Why should decltype expressions in return types be skewed in a character name?

I recently discovered that decltype expressions are distorted as part of function symbol names when used as return types, and that this can cause unpleasant segmentation errors when dismantling expressions (for example, in debugging sessions) if the expression is too complex.

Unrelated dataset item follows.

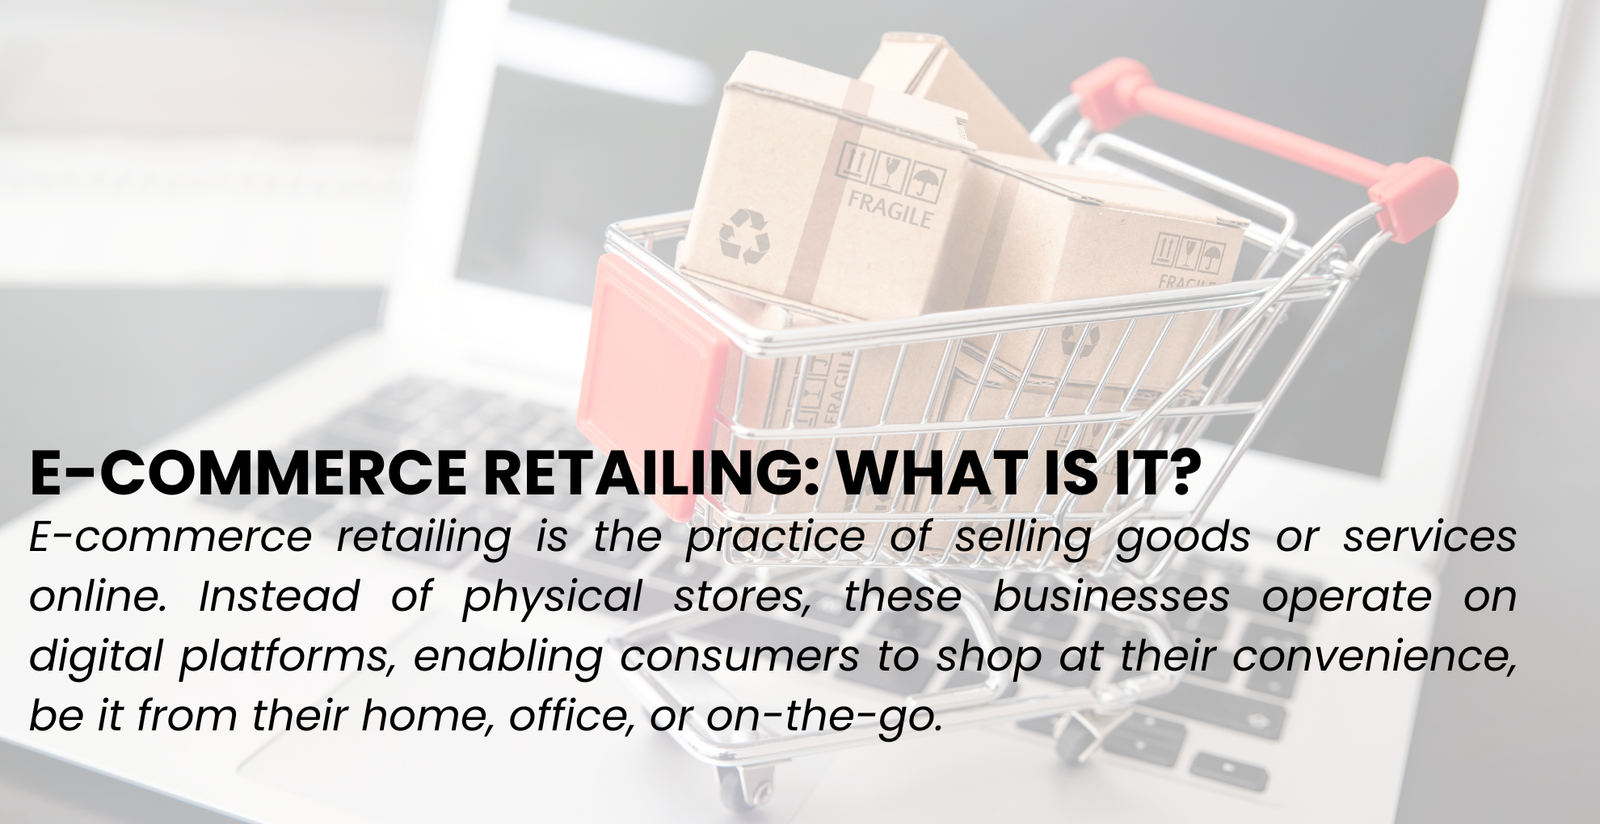 Retailing in E-commerce
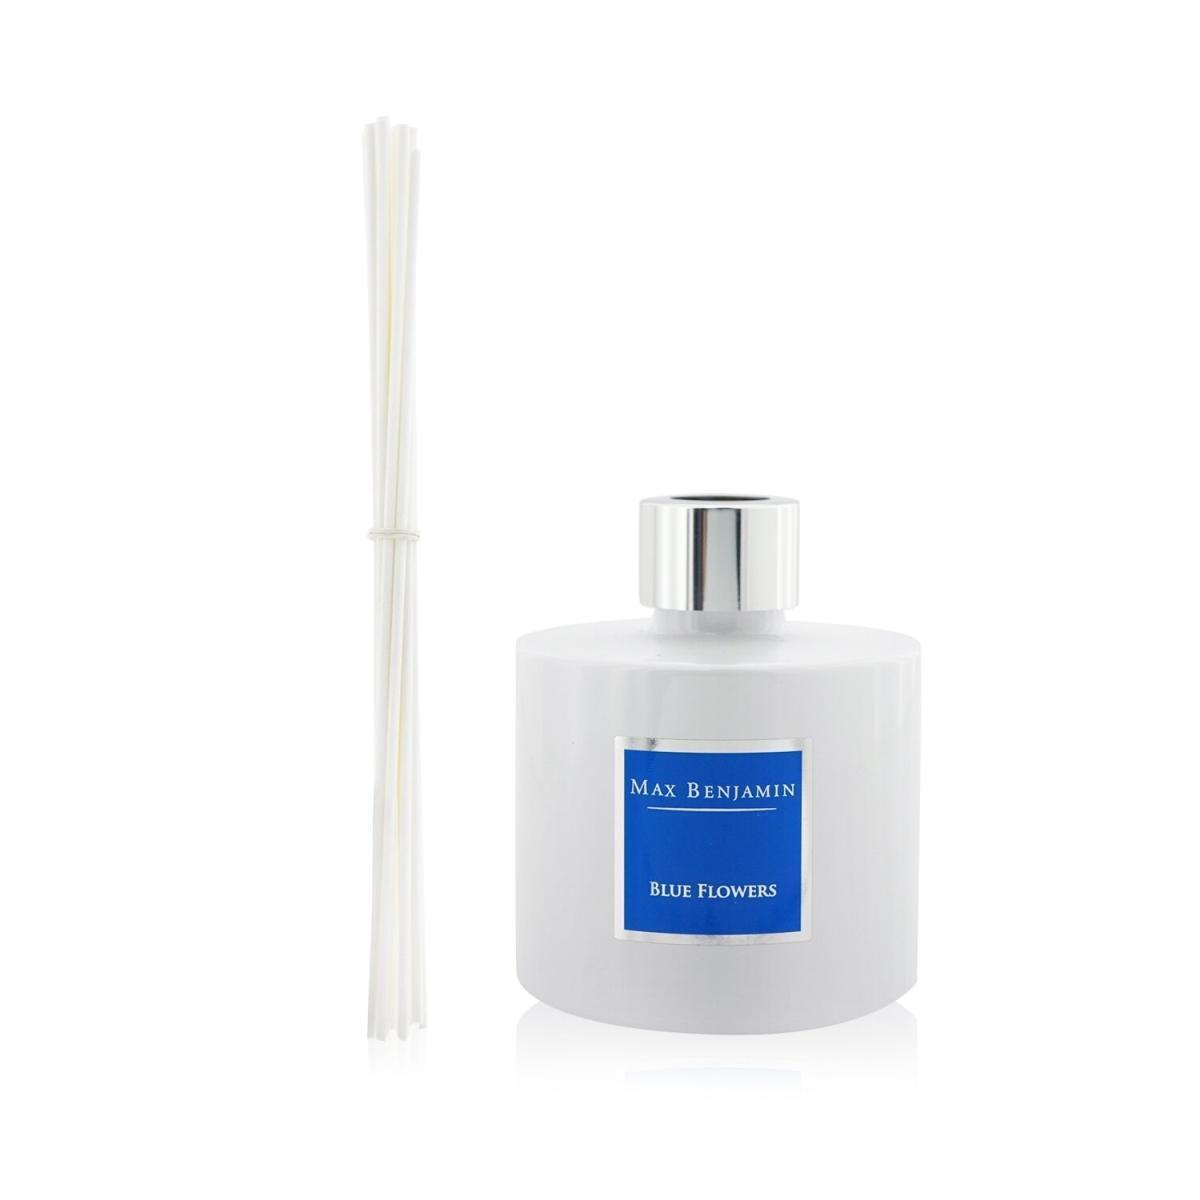 Max Benjamin 262162 4.95 oz Home Perfume Diffuser, Blue Flowers

The first version uses the decltype return type, where the full expression gets garbled ( http://goo.gl/EALubx ):

#include <cstdint> #include <utility> struct A { void bar() const; }; template<typename T> decltype(std::declval<T>().bar()) foo(T const& a); void foo() { A a; return foo(a); } 

Compiled (GCC 5.2.0):

 foo(): sub rsp, 24 lea rdi, [rsp+15] call decltype ((((declval<A>)()).bar)()) foo<A>(A const&) add rsp, 24 ret 

The second version, almost equivalent, where the type of the expression is allowed as part of the optional template parameter ( http://goo.gl/DfQGR5 ):

 #include <cstdint> #include <utility> struct A { void bar() const; }; template<typename T, typename R=decltype(std::declval<T>().bar())> R foo(T const& a); void foo() { A a; return foo(a); } 

Compiled (GCC 5.2.0):

 foo(): sub rsp, 24 lea rdi, [rsp+15] call void foo<A, void>(A const&) add rsp, 24 ret 

I understand that template functions can only be overloaded by their return type, but should the compiler not have to resolve the decltype expression on its own and use the resulting type instead?

Can someone tell me why, or tell me where the C ++ spec states?